First, let's time the original function with some random vectors of fixed size:

In [None]:
def discount_rewards(rewards, gamma):
    discounted_rewards = np.zeros(len(rewards))
    cumulative_rewards = 0
    for i in reversed(range(0, len(rewards))):
        cumulative_rewards = cumulative_rewards * gamma + rewards[i]
        discounted_rewards[i] = cumulative_rewards
    return discounted_rewards

In [None]:
%timeit discount_rewards(np.random.rand(100), 0.99)

## First attempt: vectorizing
The first thing when you see a for loop in numerical Python code is trying to see if you can vectorize it for performance. If we let $\mathbf{r,\hat{r}}$ be the vectors containing the original and discounted rewards respectively for each step in the episode then we can write the above for loop as a matrix equation $\mathbf{\hat{r}}=\mathbf{\Gamma r}$, where

$$
\mathbf{\Gamma} =  \begin{bmatrix}1 & \gamma & \gamma^2 & \cdots & \gamma^{n-1} \\
0 & 1 & \gamma & \cdots & \gamma^{n-2} \\
\vdots & & \ddots & \\
0 & 0 & \cdots & 1 & \gamma \\
0 & 0 & 0 & \cdots & 1
\end{bmatrix}.
$$

This type of matrix is known as a [Toeplitz matrix](https://en.wikipedia.org/wiki/Toeplitz_matrix) (research hack: I did not know the name of this type of matrix but I thought it must have one given its special properties, so I typed in an example matrix into [Wolfram Alpha](https://www.wolframalpha.com/input/?i=%5B%5B1,a,a%5E2%5D,%5B0,1,a%5D,%5B0,0,1%5D%5D) which kindly provided me with a name).
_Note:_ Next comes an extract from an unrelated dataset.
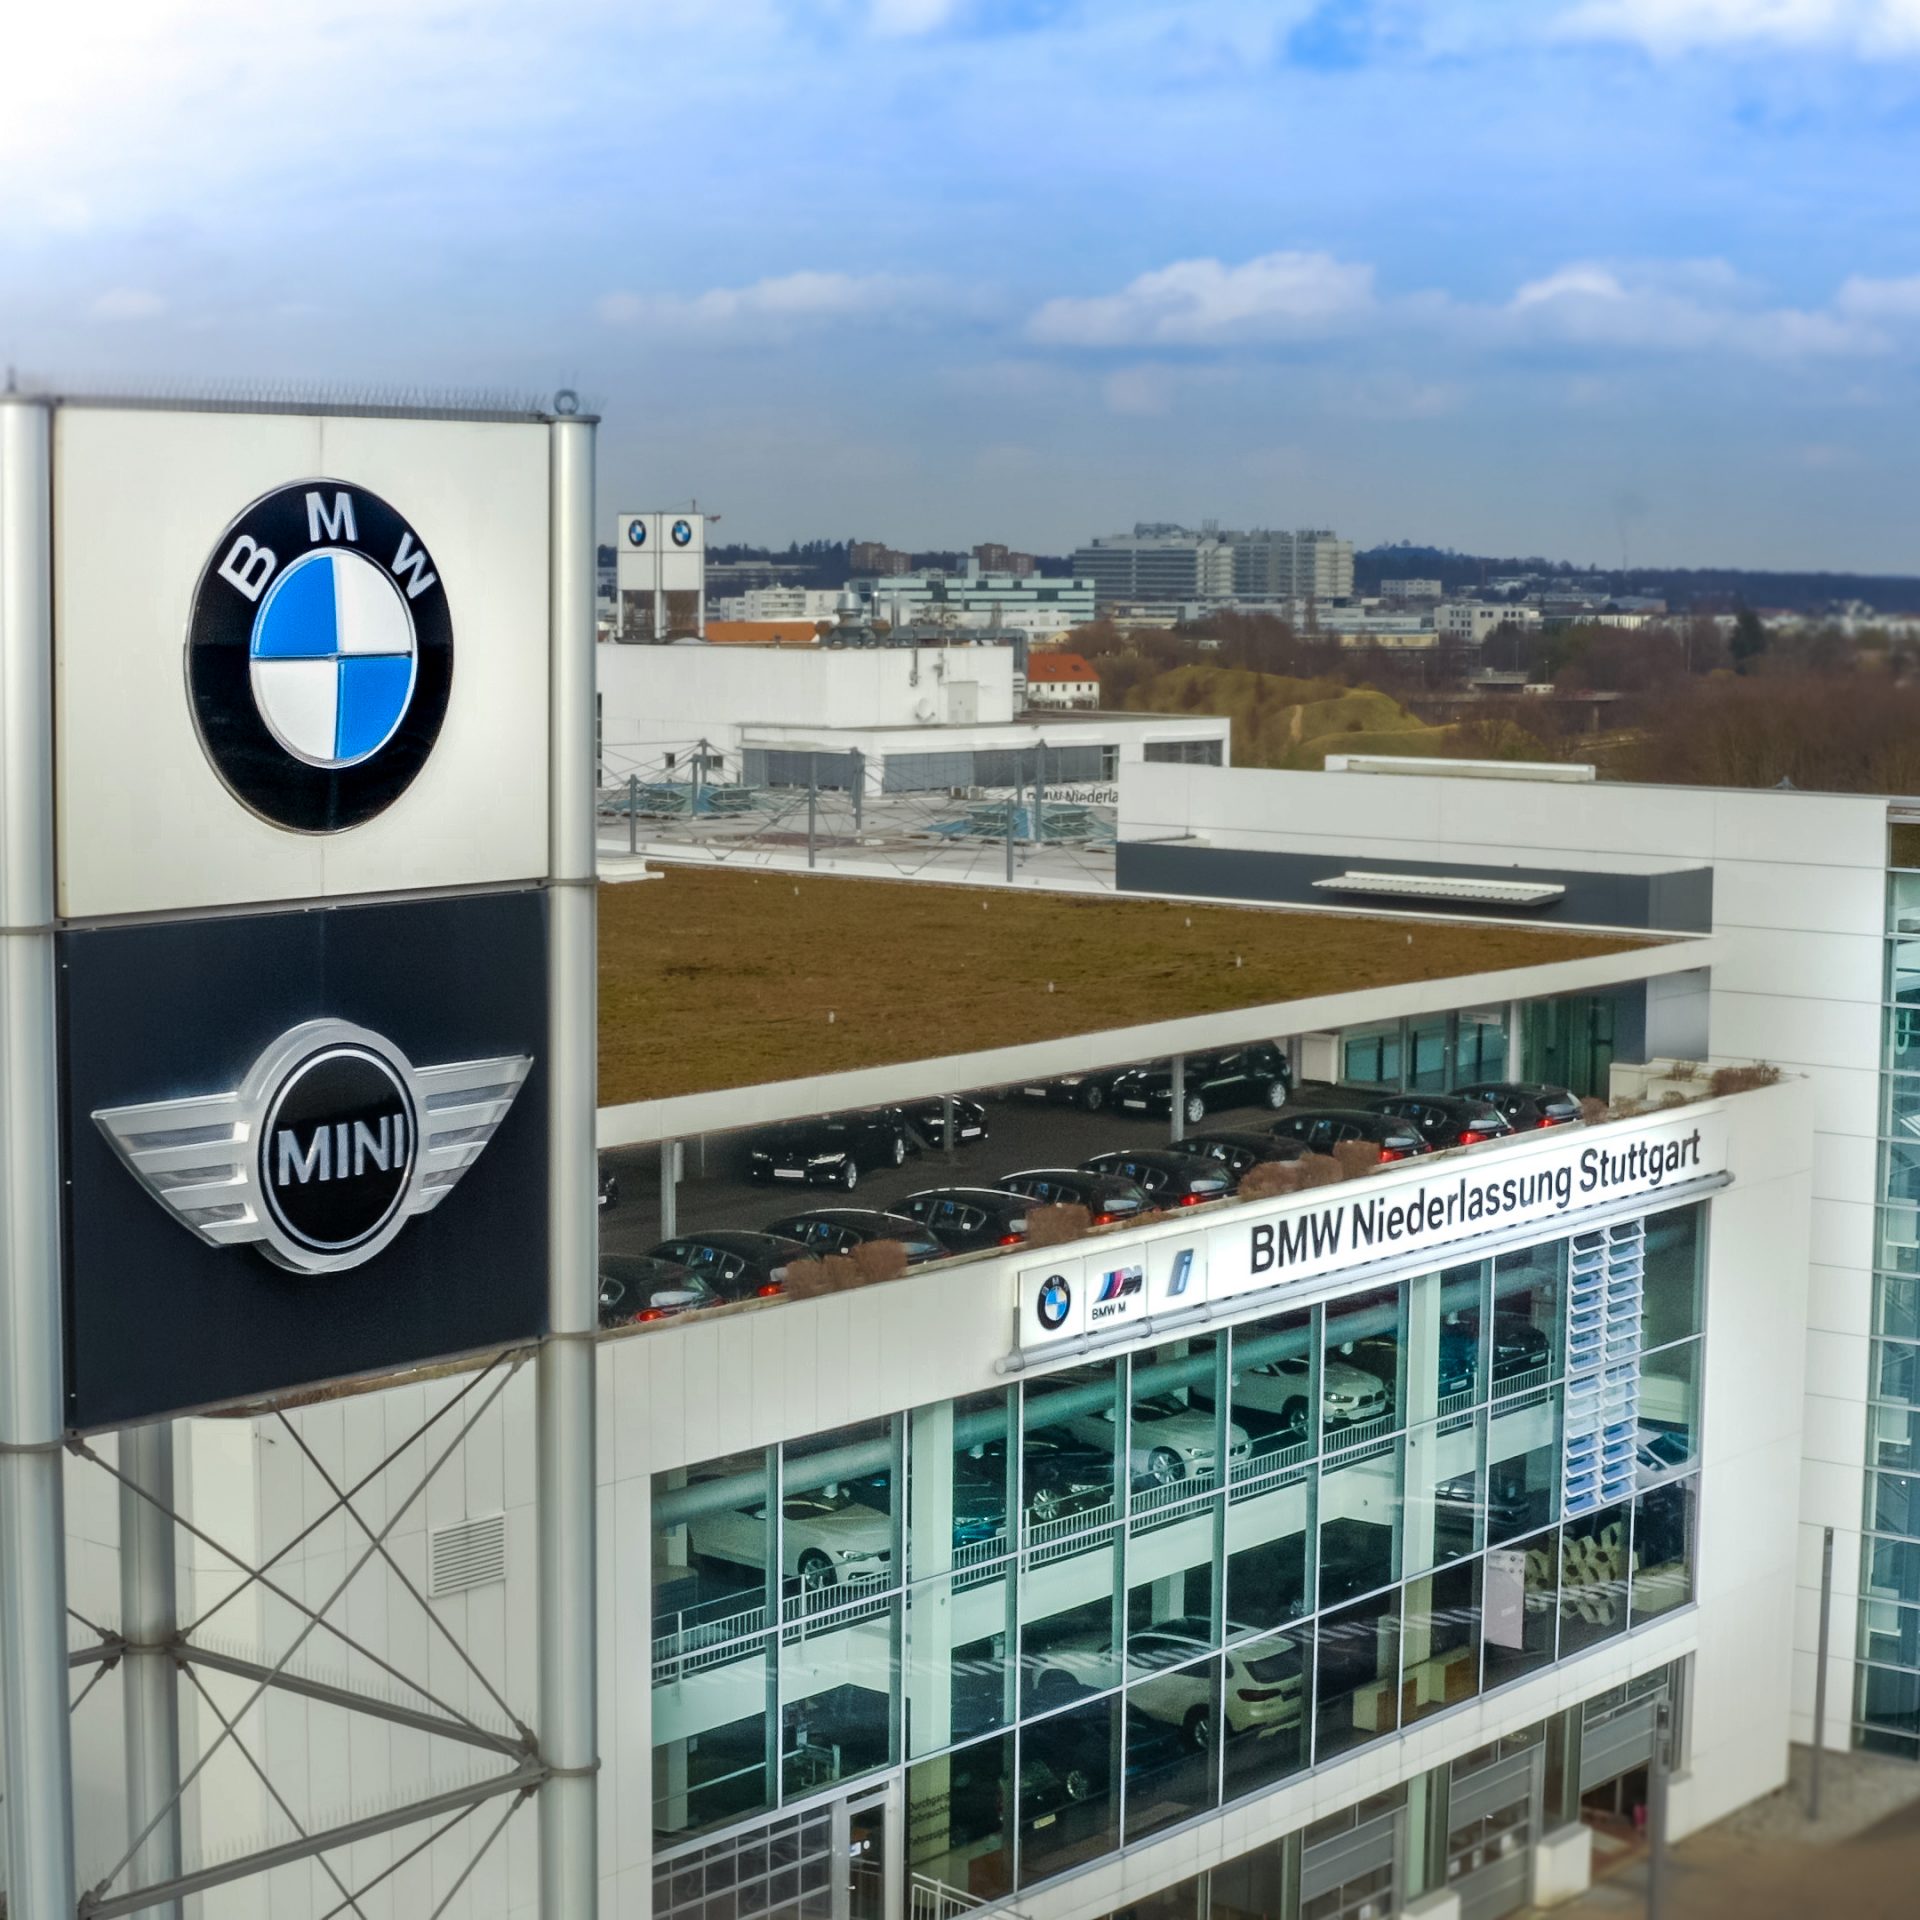 Das Bild zeigt die BMW Niederlassung Stuttgart.

Scipy has a function ```scipy.linalg.toeplitz``` for constructing such matrices, so let's try to use it to rewrite our code like this:

In [None]:
import scipy as sp
import scipy.linalg

def toeplitz_discount_rewards(rewards, gamma):
    n = len(rewards)
    c = np.zeros_like(rewards)
    c[0] = 1

    r = np.array([gamma**i for i in range(n)])
    matrix = sp.linalg.toeplitz(c, r)
    discounted_rewards = matrix @ rewards
    return discounted_rewards

And time this for comparison with the original:

In [None]:
%timeit toeplitz_discount_rewards(np.random.rand(100), 0.99)
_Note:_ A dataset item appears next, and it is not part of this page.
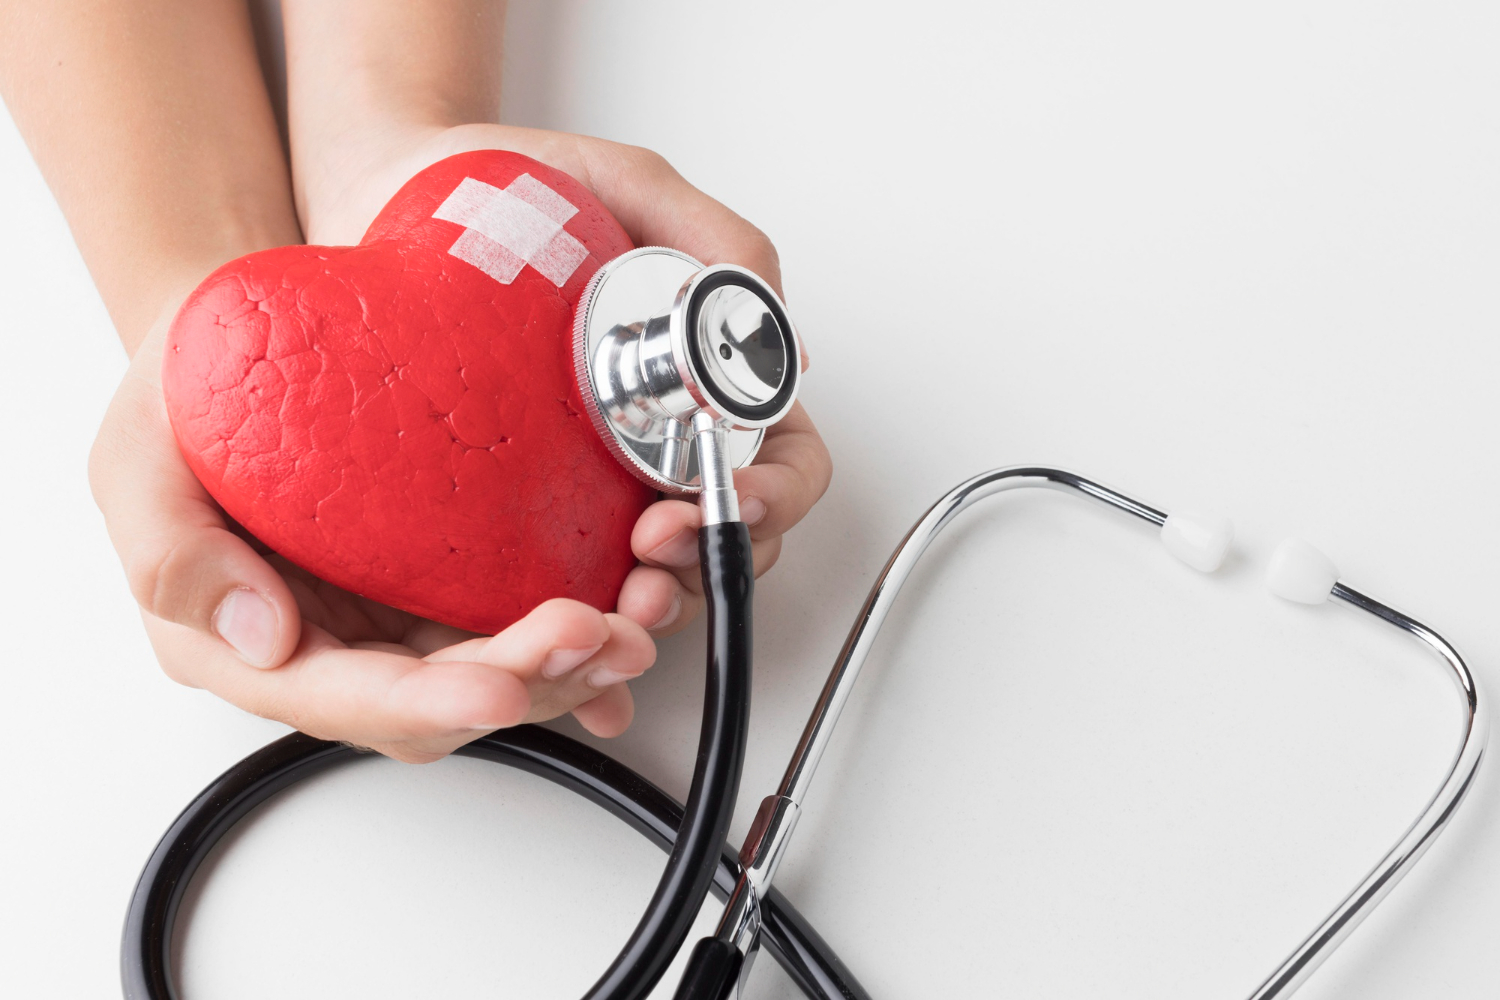 heart health and cardiovascular disease

So in fact this is much worse than the original implementation. This is not a big surprise since there is a lot of overhead in building the matrix and then doing the matrix-vector calculation, so the single pass over the reward vector in the original loop seems pretty performant.

## Second attempt: OpenAI hack

While reading the source code of OpenAI's excellent RL learning library [spinning up](https://spinningup.openai.com/en/latest/) I came across [this curious implementation of discounted rewards](https://github.com/openai/spinningup/blob/fc75b23d539ad1f511e537df9abf21a7aa329706/spinup/algos/vpg/core.py#L45):

In [None]:
import scipy.signal

def magic_discount_rewards(rewards, gamma):
    return sp.signal.lfilter([1], [1, float(-gamma)], rewards[::-1], axis=0)[::-1]

This is using the Scipy signal processing library, using a digital filter on a 1D data sequence ([see the docs](https://docs.scipy.org/doc/scipy/reference/generated/scipy.signal.lfilter.html)).

Let's test it:

In [None]:
%timeit magic_discount_rewards(np.random.rand(100), 0.99)

This is two to three times faster than the original implementation! Well worth using for problems where this calculation is frequent.